なにごとかを突き詰めて探求していくと、しだいに理解者の少ない世界へとはいっていく。
たとえば、骨董品の世界はどうだろう。私にはどう見ても、ただの古ぼけた欠けた茶碗にしか見えないものが、何百万円という価格で売買されていたりする。私にはわからないが、骨董品を探求しその価値がわかる人にとっては、貴重なものらしい。
私にわかるのはせいぜい、日用品の世界。これは使いやすい茶碗だね、とか、模様がいいね、とか、軽くてしかも割れにくいね、といったレベル。
表現の世界でもおなじようなことがいえることがある。

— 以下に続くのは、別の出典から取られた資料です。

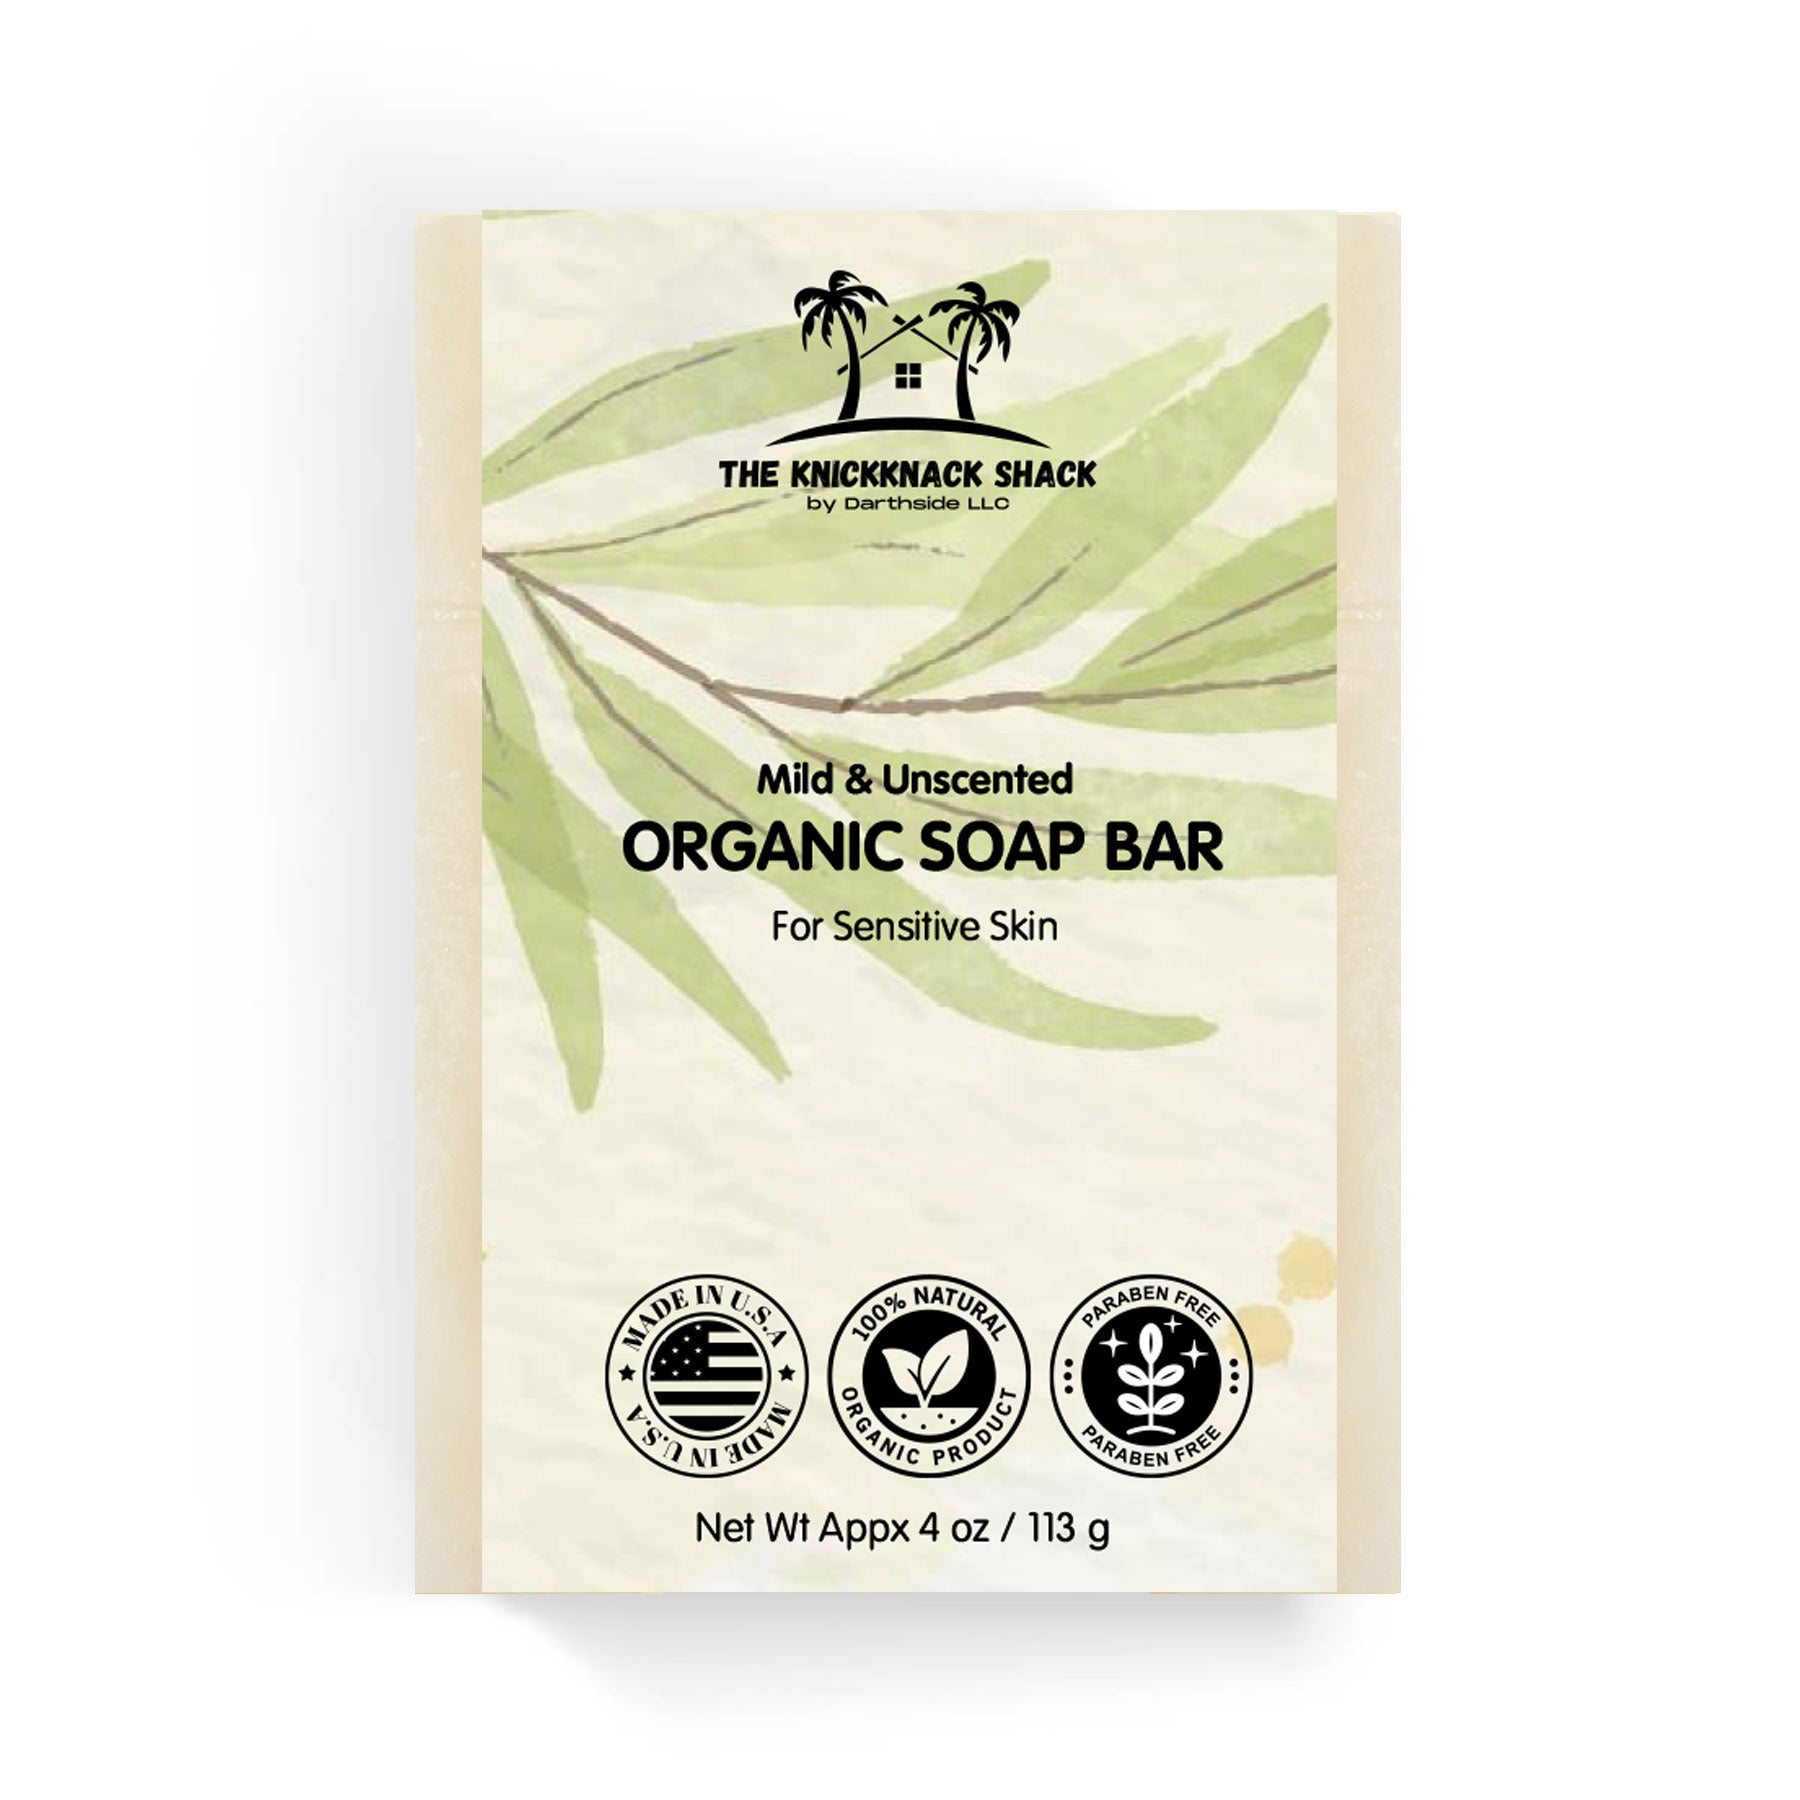 Mild & Unscented Organic Soap Bar for Sensitive Skin

たとえば音楽の世界では、だれもがわかる歌謡曲やポップス、童謡や唱歌がある。ある曲が演奏されれば、それがだれがどのように演奏されていたとしても、聴き手はまず「知っている曲」として受け取る。たくさんの聴衆に受け入れられる。
その音楽も突き詰められていくと、難しい構成、聴いたこともないサウンド、よほどの聴き手でなければわからないスリリングなコミュニケーションや偶然性を求める即興演奏など、理解者はピラミッド構造の頂点にちかづいていくように少なくなる。
表現をしていると――いや、なにごとをやっていても、自分はどの世界をめざすのか、という選択をたえず迫られる。多くの人に受け入れられる、わかりやすくて平易で表面的な世界をめざすのか、あるいは、だれもが到達しえないような孤高の世界をめざすのか。
それは両立しえないものなのか。
このジレンマに直面している表現者を見るとき、私はその苦しさと正直さに共感する。